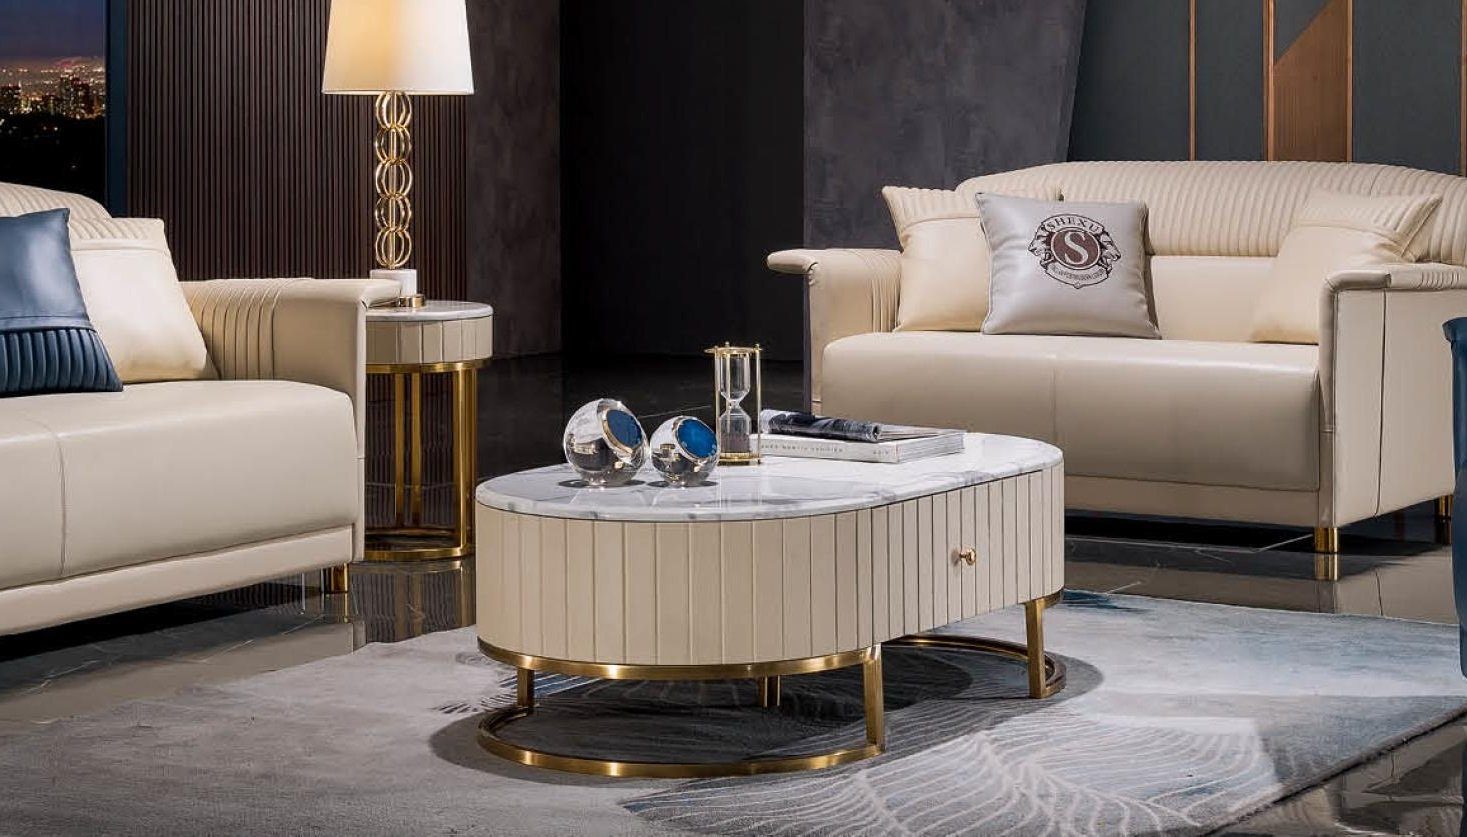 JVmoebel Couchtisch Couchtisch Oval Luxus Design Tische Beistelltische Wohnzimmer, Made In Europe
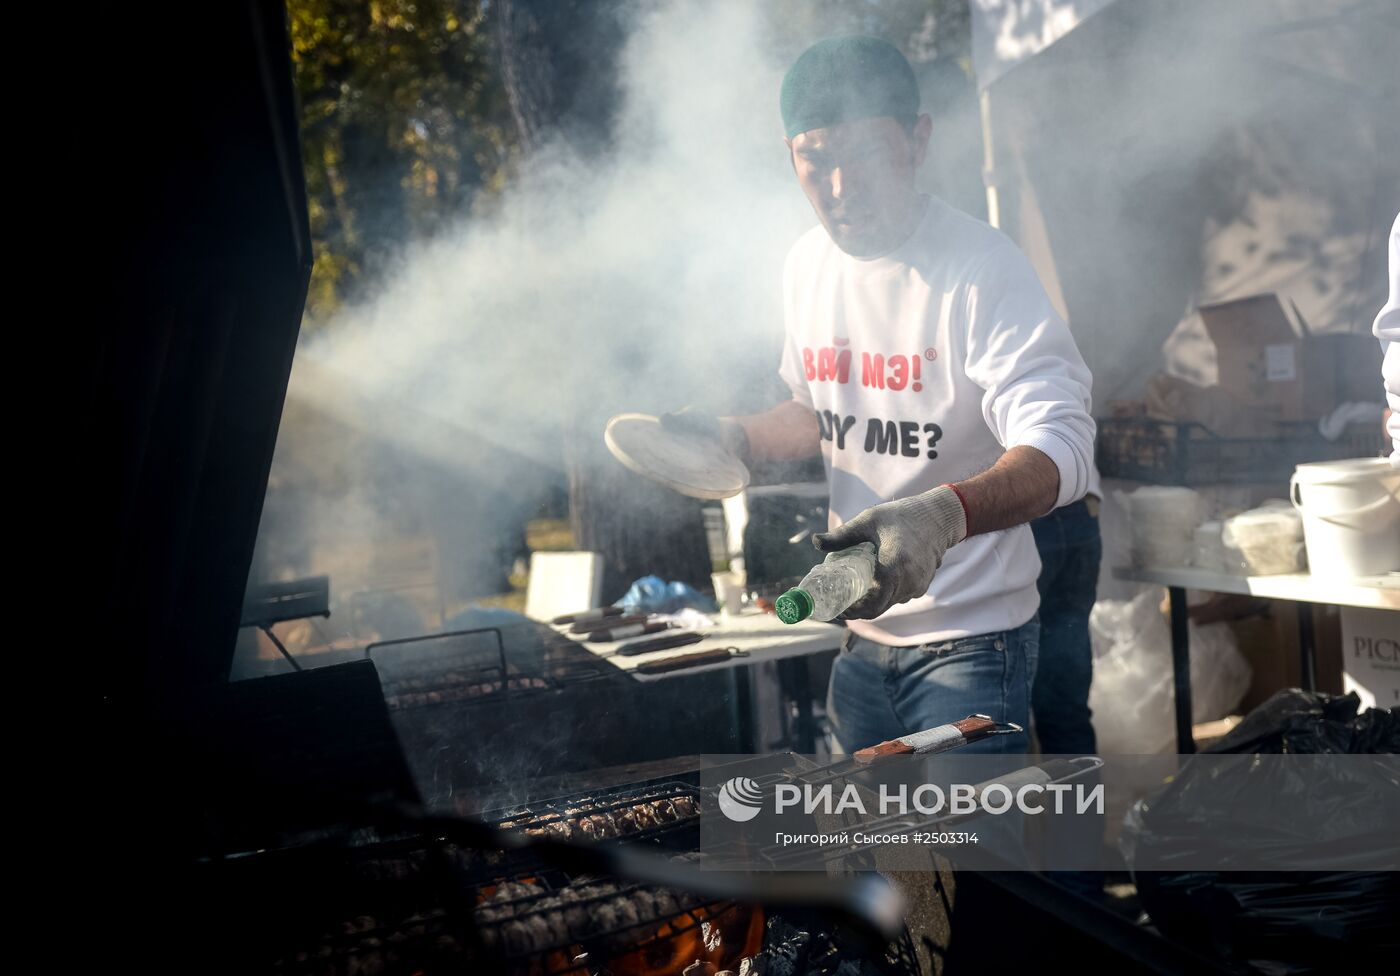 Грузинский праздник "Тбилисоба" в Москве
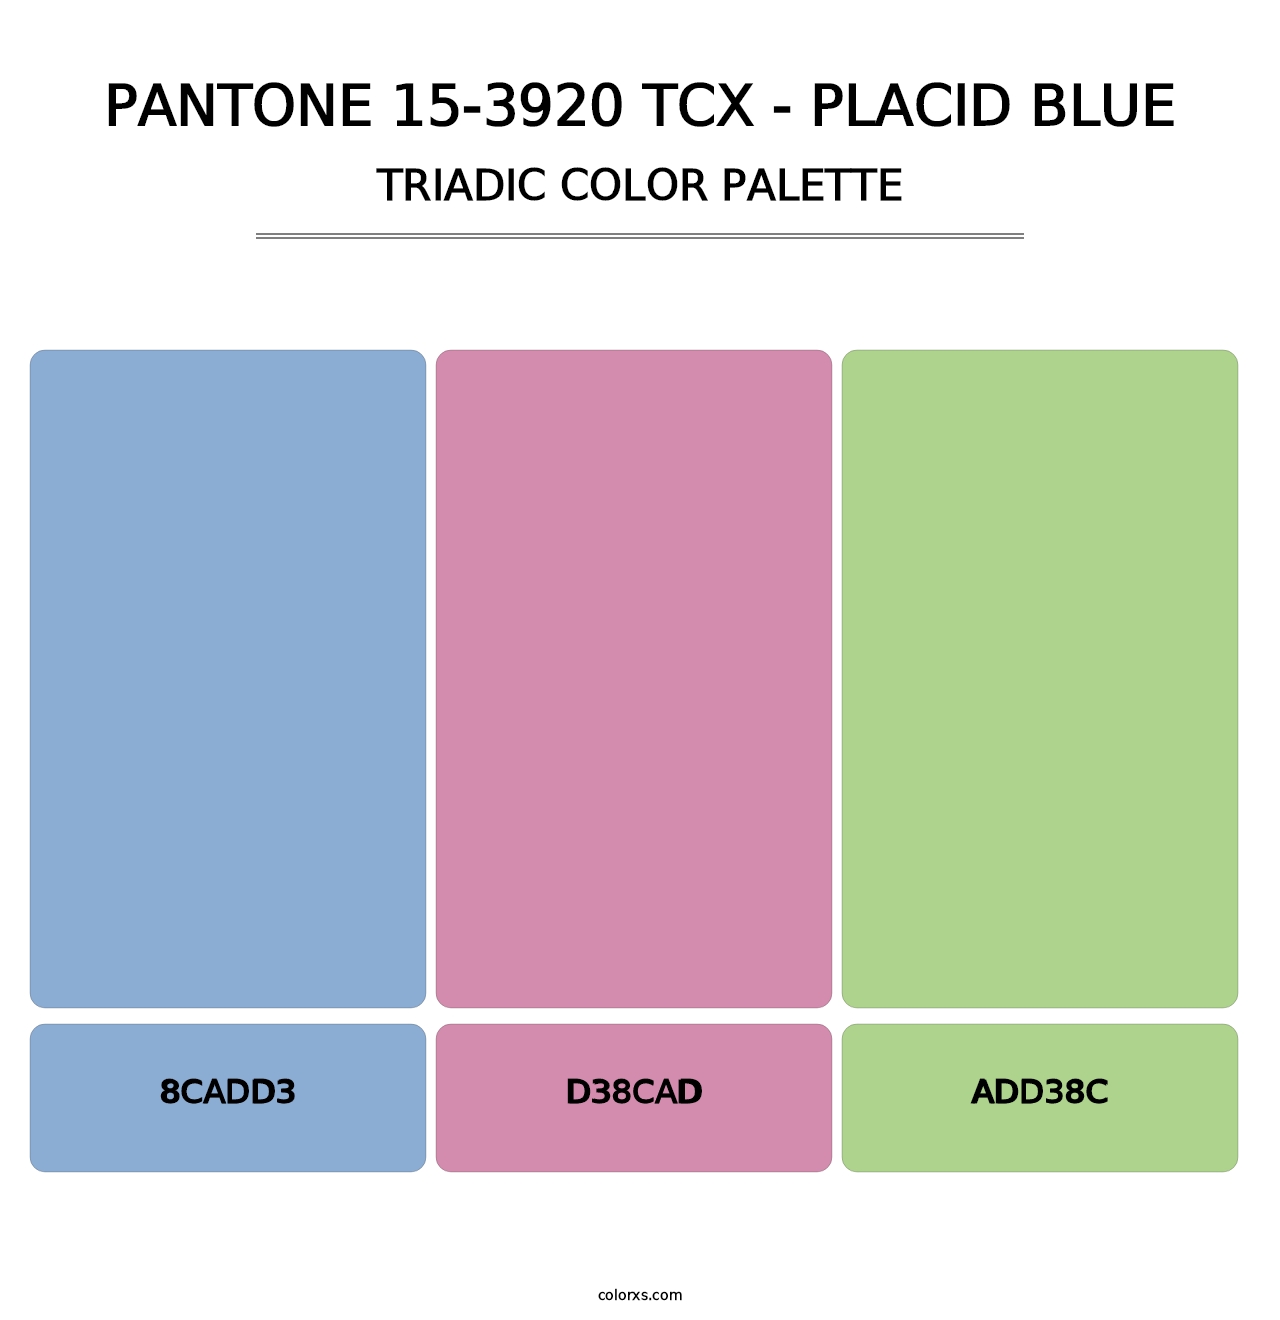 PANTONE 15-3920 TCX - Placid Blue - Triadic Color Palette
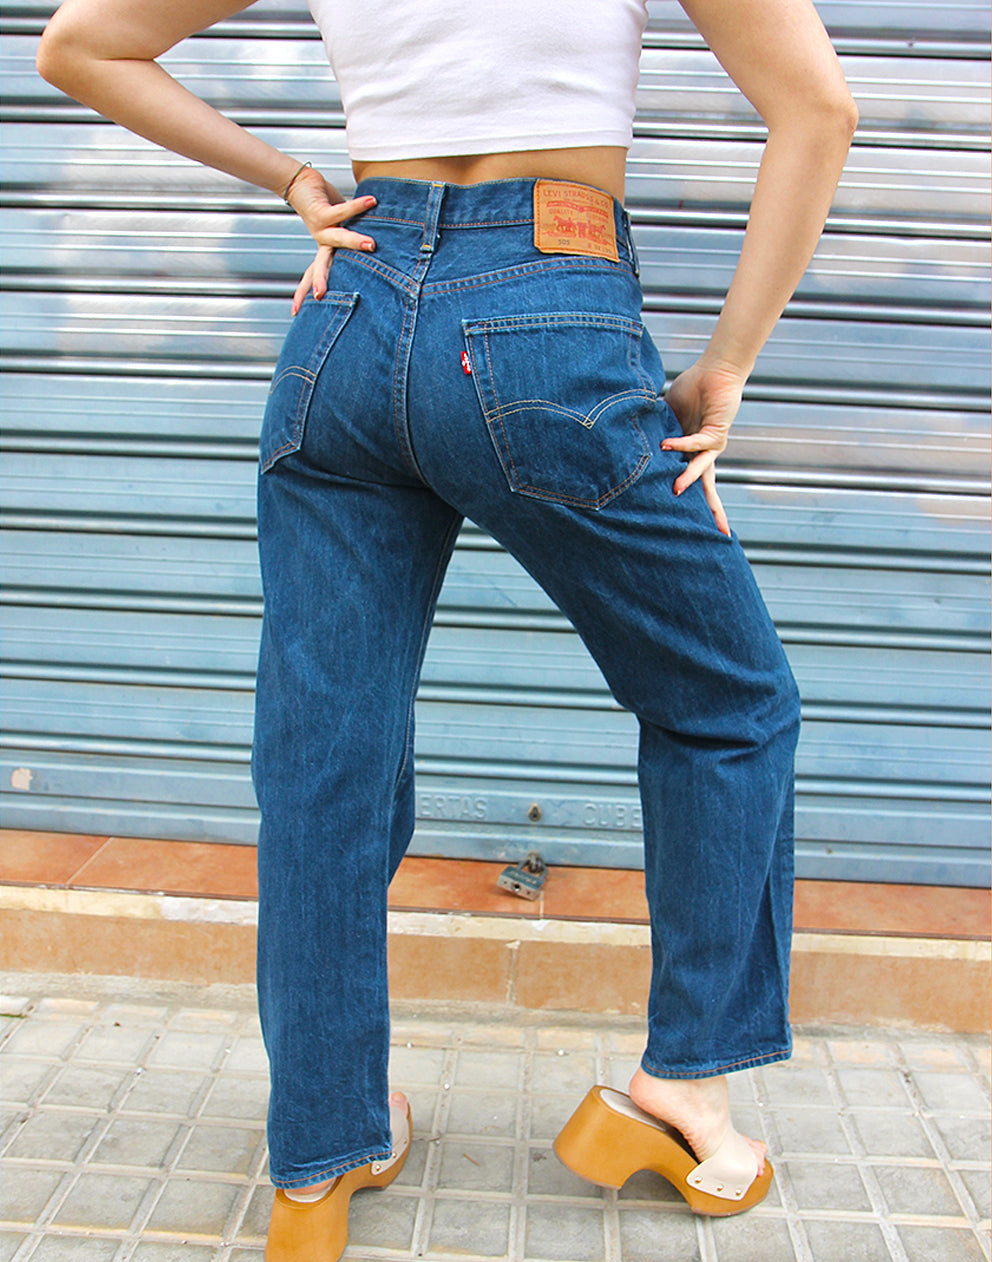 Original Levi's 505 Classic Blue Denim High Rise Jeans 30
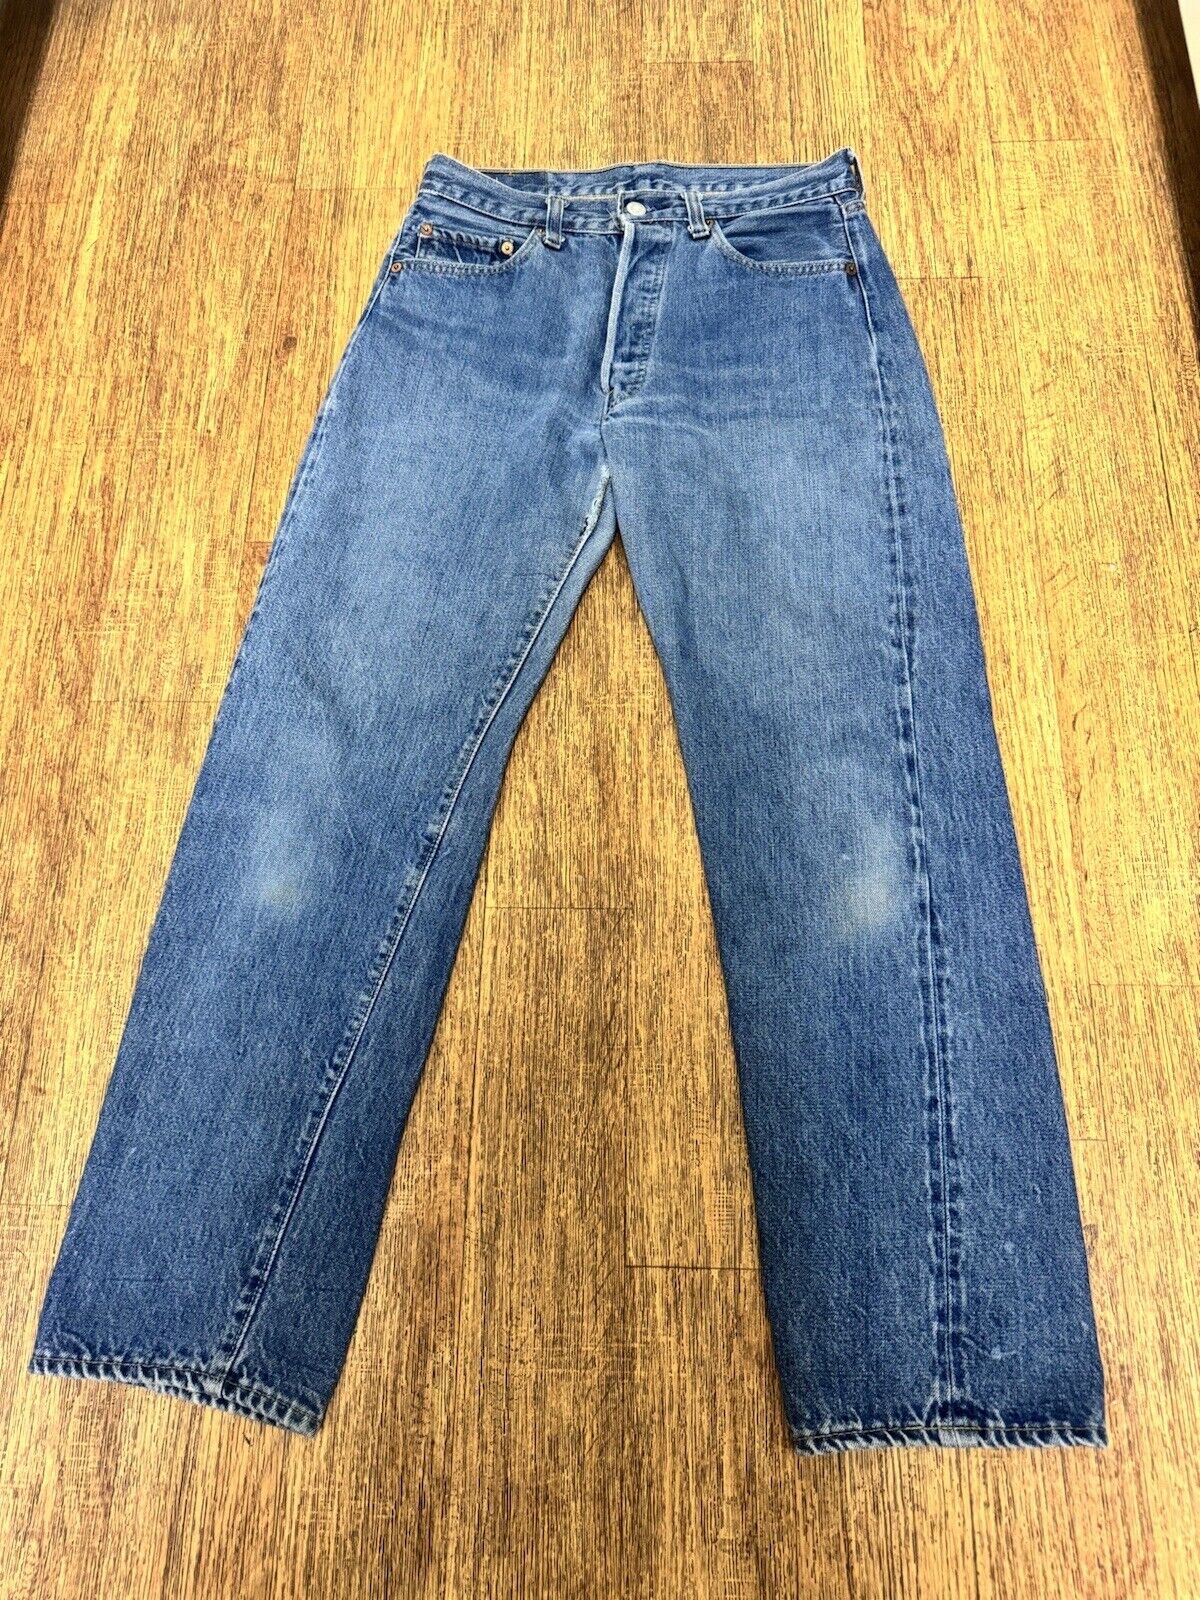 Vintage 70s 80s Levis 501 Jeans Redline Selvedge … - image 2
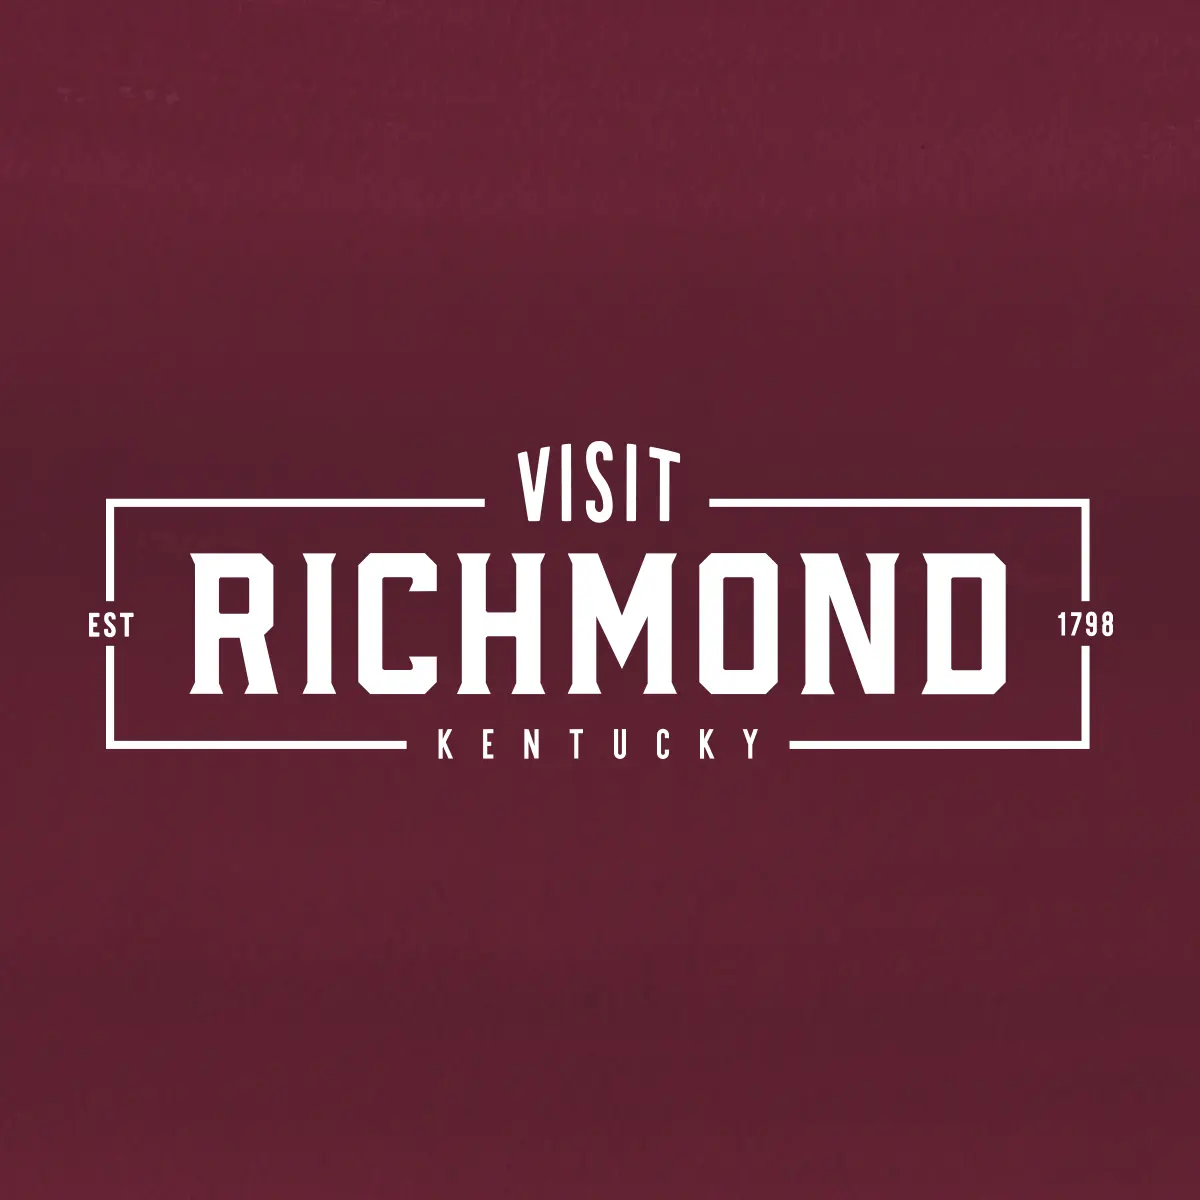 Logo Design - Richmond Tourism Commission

_Your task_
Write out, word for word, the line containing "PANTONE 15-3920 TCX - Placid" and each line after it to the end of the data, and nothing more. Drop the pictures.

_Exercise output_
 PANTONE 15-3920 TCX - Placid Blue - Triadic Color Palette
 Original Levi's 505 Classic Blue Denim High Rise Jeans 30
 Vintage 70s 80s Levis 501 Jeans Redline Selvedge … - image 2
 Logo Design - Richmond Tourism Commission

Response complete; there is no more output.